Malgré une amélioration de la qualité de l’eau du Rhône et de la Saône depuis 40 ans, la santé de ces fleuves oscille entre le « médiocre » et l’« assez moyen ». En cause : la pollution, les activités humaines et l’artificialisation des aménagements hydrauliques, qui endommagent les écosystèmes marins et la biodiversité.

Les comptages ornithologiques récents ne rapportent pas de chute brutale de la population de cygnes sur les fleuves, mais des diminutions ponctuelles ou des changements de répartition en fonction des conditions environnementales, humaines et climatiques. (Photo/Flavien Crozier)

Depuis les années 1980, la qualité de l’eau du Rhône et de la Saône s’est améliorée. En cause, la création et la modernisation de stations d’épuration, comme celle de Feyssine, et l’adoption de réglementations plus strictes, particulièrement la directive-cadre sur l’eau de l’Union Européenne (UE), qui a permis, entre autres, la réduction des rejets industriels et l’abolition de l’usage de certains pesticides. Cette directive, entrée en vigueur en décembre 2000, distingue trois critères pour évaluer la santé d’un fleuve : son état écologique, son état chimique et son potentiel écologique.
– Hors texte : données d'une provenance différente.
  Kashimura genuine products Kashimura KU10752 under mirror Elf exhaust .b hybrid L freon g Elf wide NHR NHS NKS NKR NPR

Selon Martin Jouve, chargé de commission eau au pôle rhodanien de France Nature Environnement (FNE), « l’état écologique de la Saône est médiocre à cause d’un manque de biodiversité et des pollutions », tandis que celui du Rhône serait « plus variable, car bons sur certains tronçons, mais mauvais dans la vallée industrielle ».
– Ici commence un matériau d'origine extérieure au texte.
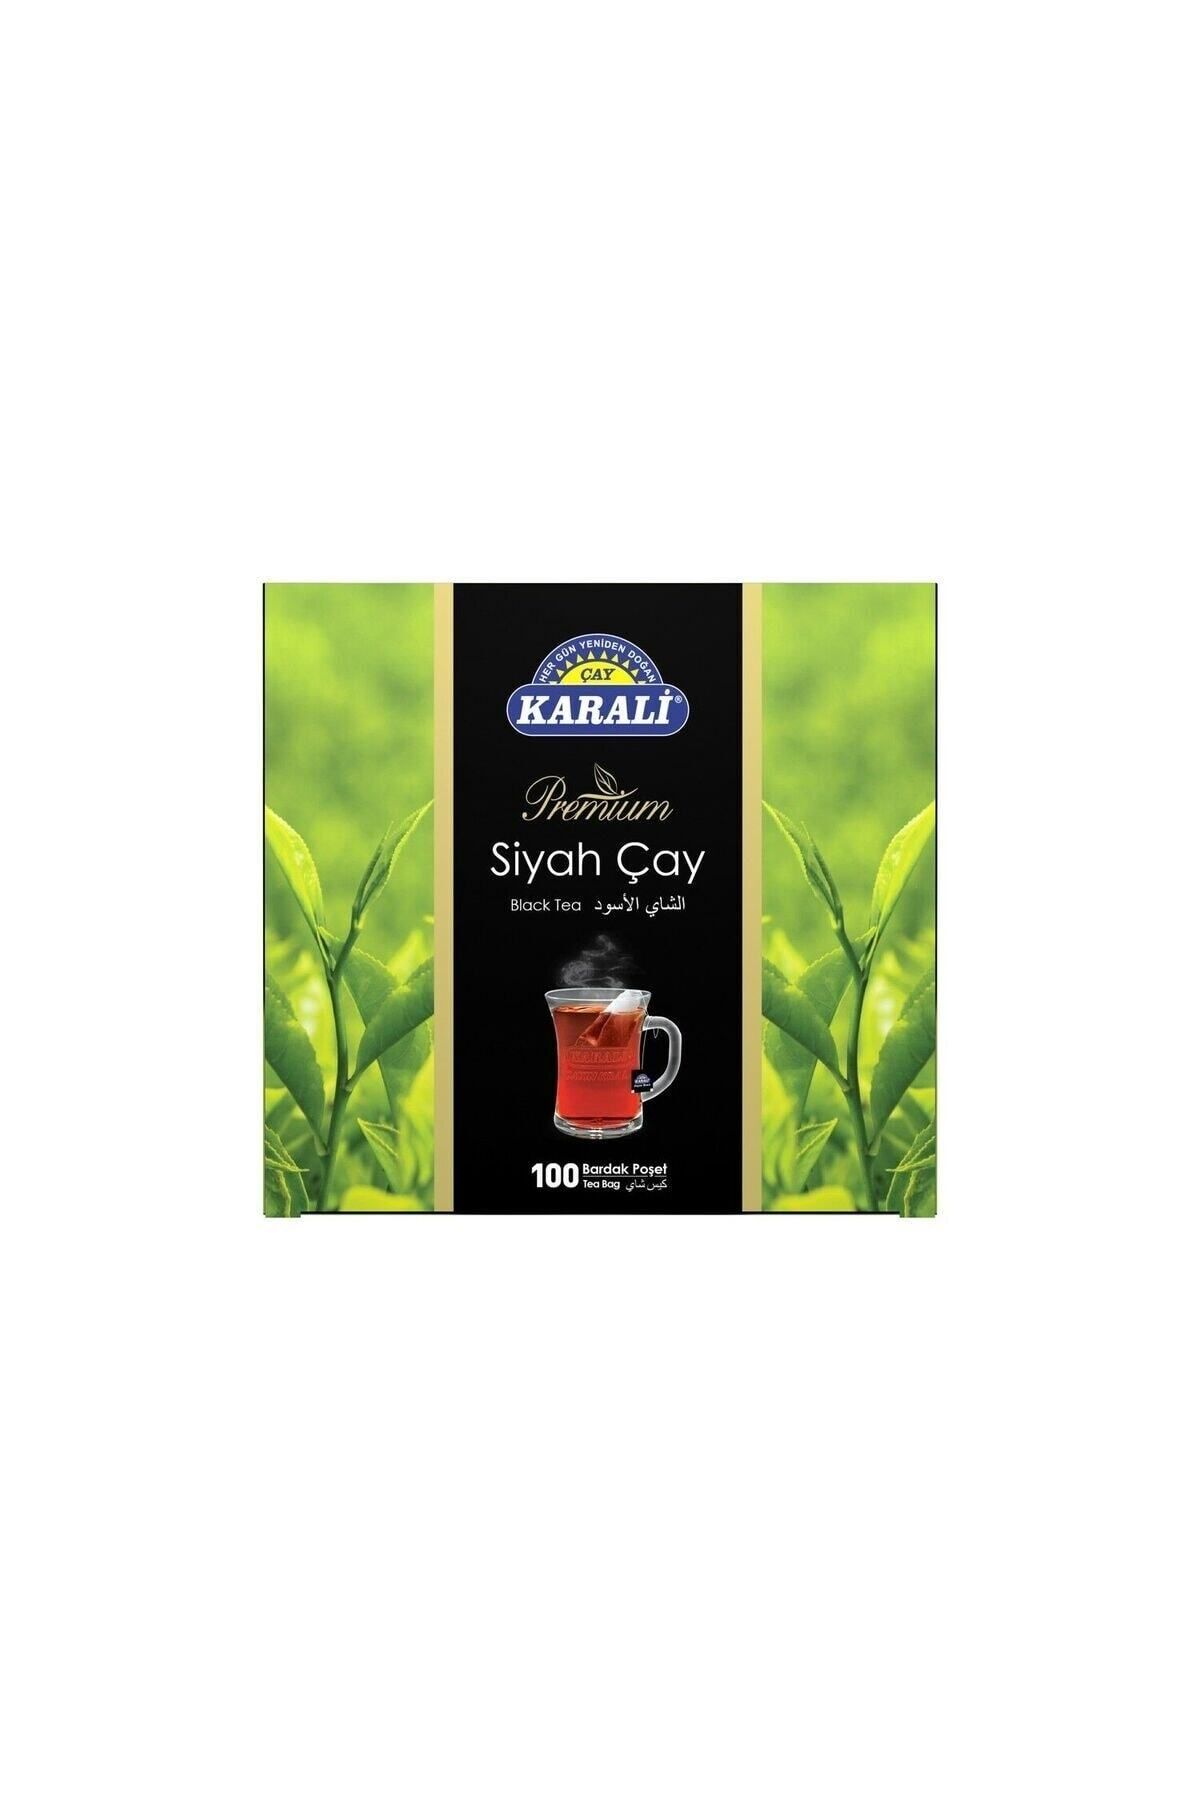 Karali Çay Karali Premium Siyah Çay Bardak Poşet 100*2 Gr

Cet expert des questions fluviales juge que l’état chimique de la Saône est « assez moyen, avec des pics de pollution par les nitrates et les pesticides ». Un bilan plus triste encore pour le Rhône, dû par la présence de mercure et de HAP (Hydrocarbures aromatiques polycycliques).

Des fleuves « très sollicités »

Malgré les progrès récents, Martin Jouve observe quand même une augmentation des polluants émergents depuis les années 2010, comme les résidus de médicaments ou la présence de microplastiques. Les rejets de nitrates et de pesticides restent importants, surtout dans la Saône.

Le membre de FNE met l’accent sur le fait que ces fleuves sont « très sollicités », que ce soit par la navigation, le refroidissement d’installations industrielles, le prélèvement pour l’eau potable ou encore le rejet des eaux usées.

Il existe trois grandes familles de pollution, auxquelles est confrontée la biodiversité du Rhône et de la Saône : agricole, par l’utilisation massive d’engrais (nitrates, phosphates) et l’usage de produits physiosanitaires (herbicides, insecticides) ; urbaine, par le rejet des eaux usées et le ruissellement urbain, qui contiennent des produits de lessive, des hydrocarbures, des métaux lourds et des microplastiques ; et industrielle, notamment par l’évacuation d’eaux chargées en produits chimiques.

Une chute de la biodiversité dans le Rhône et la Saône causée par l’artificialisation des aménagements hydrauliques

Les effets de la pollution et des activités humaines sur la faune et la flore de ces deux fleuves « engendrent une altération de la reproduction chez certains poissons, comme des malformations ou une baisse du taux de fécondité, mais aussi une contamination au PCB des sédiments des poissons, interdisant leur consommation sur certains tronçons depuis le milieu des années 2000, notamment entre le barrage de Génissiat et la Méditerranée », témoigne Martin Jouve.

Celui-ci précise que « l’artificialisation des aménagements hydrauliques a engendré une disparition de certains habitats naturels », causant un obstacle à la migration de poissons, comme la lamproie ou l’anguille – ils font tous deux parties des espèces les plus menacées par la qualité de l’eau des fleuves, avec le brochet et certaines espèces d’invertébrés – et une diminution des zones de reproduction et de repos des poissons.

Les indicateurs sur lesquels se basent le FNE Rhône pour évaluer la santé des écosystèmes aquatiques et la biodiversité des deux fleuves sont l’indice poisson rivière, l’indice de qualité physico-chimique, ainsi qu’une cartographie des zones humides et des obstacles à la continuité écologique.